Acupuncture vs Opioids

October 24, 2017

A few weeks ago I wrote our local paper to express my thoughts concerning acupuncture for relief versus pain medication. While it will be available online for a bit, eventually it will not be so I am sharing it here with you. More thoughts and developments to come I'm sure!

- Karen

Today I saw another in a long line of articles decrying the response to the national opioid crisis. This one shines a light on the role and responsibility insurance companies play and have played in this crisis, and as I read it, I could feel my blood pressure go through the roof.

The NY Times/Pro Publica collaboration reports that insurance companies are not allowing less addictive medications for patients because those are more expensive than addictive drugs like morphine. I’ll set aside the question of when — and why — insurance companies became a major player in our health care decisions (way, way outside their scope of practice), and just speak to the madness of looking for solutions from those who created the problem.

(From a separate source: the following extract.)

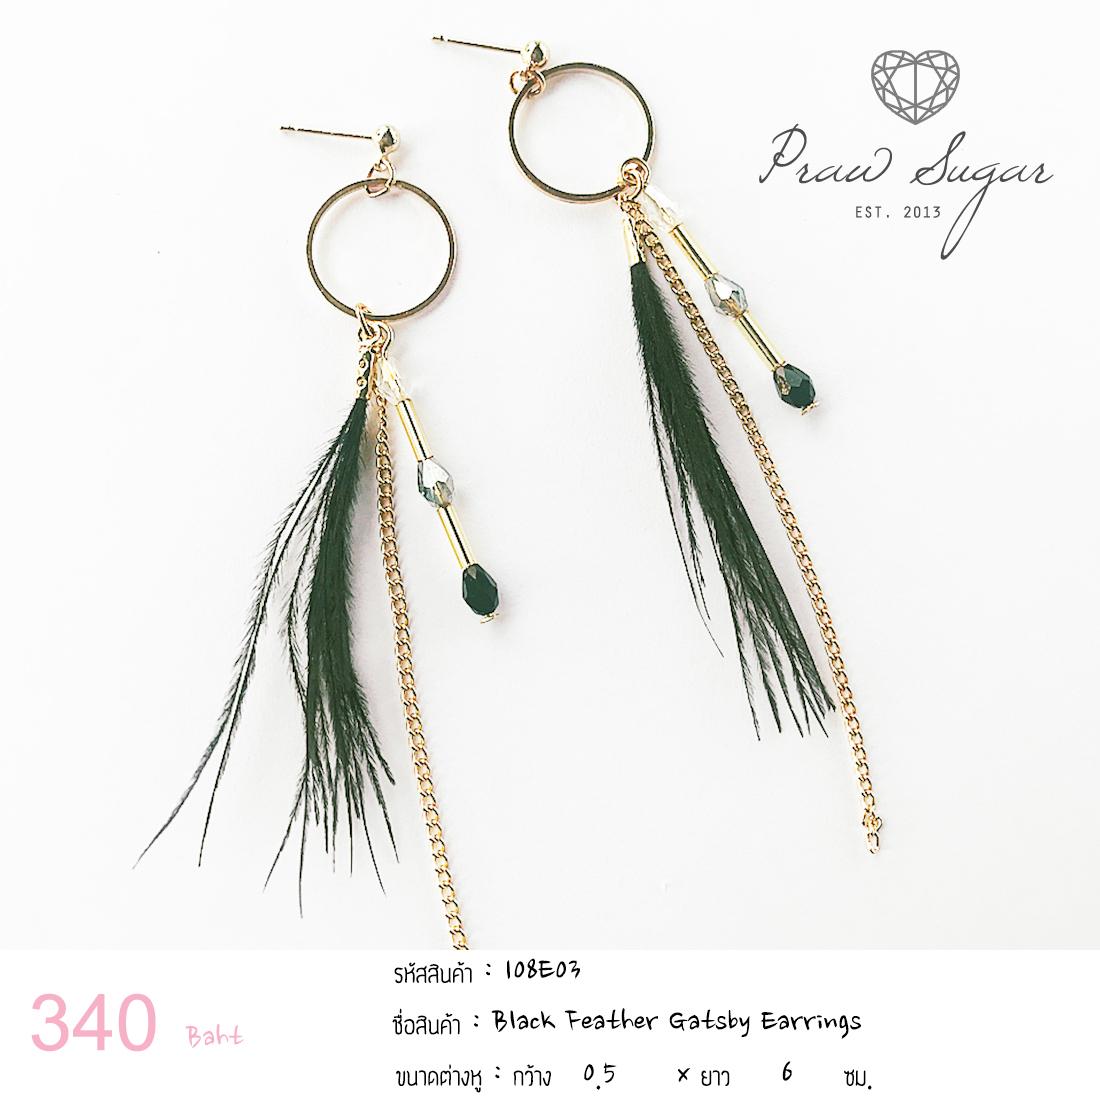 Black Grey Feather Gatsby Earrings

I am an acupuncturist. I treat patients dealing with chronic pain all the time. Many come to acupuncture because the medications are failing them. If they take enough to dull the pain, they find it hard to get out of bed. If they take less, the pain is still there — a constant limitation to living a full life. In other words, the pain affects their quality of life, and the meds affect their quality of life. One of the great tragedies is that, had modalities like acupuncture, chiropractic, yoga, swimming been prescribed first or concurrent to medications, it is quite likely many of these folks would be in better shape than they are.

I know that doctors are struggling to care for their patients. They have less time to spend with individuals (insurance companies again). Their training gives them the filter of medications as the only solution, and I know they feel frustrated and anguished when what they offer doesn’t help. I can only imagine the difficulty in keeping up with research — on new treatments for back pain, on new meds, on old meds, on what to prescribe or not prescribe.

But my holy sainted mother. To accept the newest creation of a ‘safe’ painkiller from the institutions that created the first ‘safe-now-unsafe’ medication is crazy. To be forced to do that because it is cheaper by other institutions that know nothing of medicine is lunacy squared.

There is ample evidence that modalities like acupuncture can be more effective and safer than prescription medicines. In the cases of extreme, chronic pain where medications are necessary, acupuncture complements that treatment very well. This, too, is shown in the research.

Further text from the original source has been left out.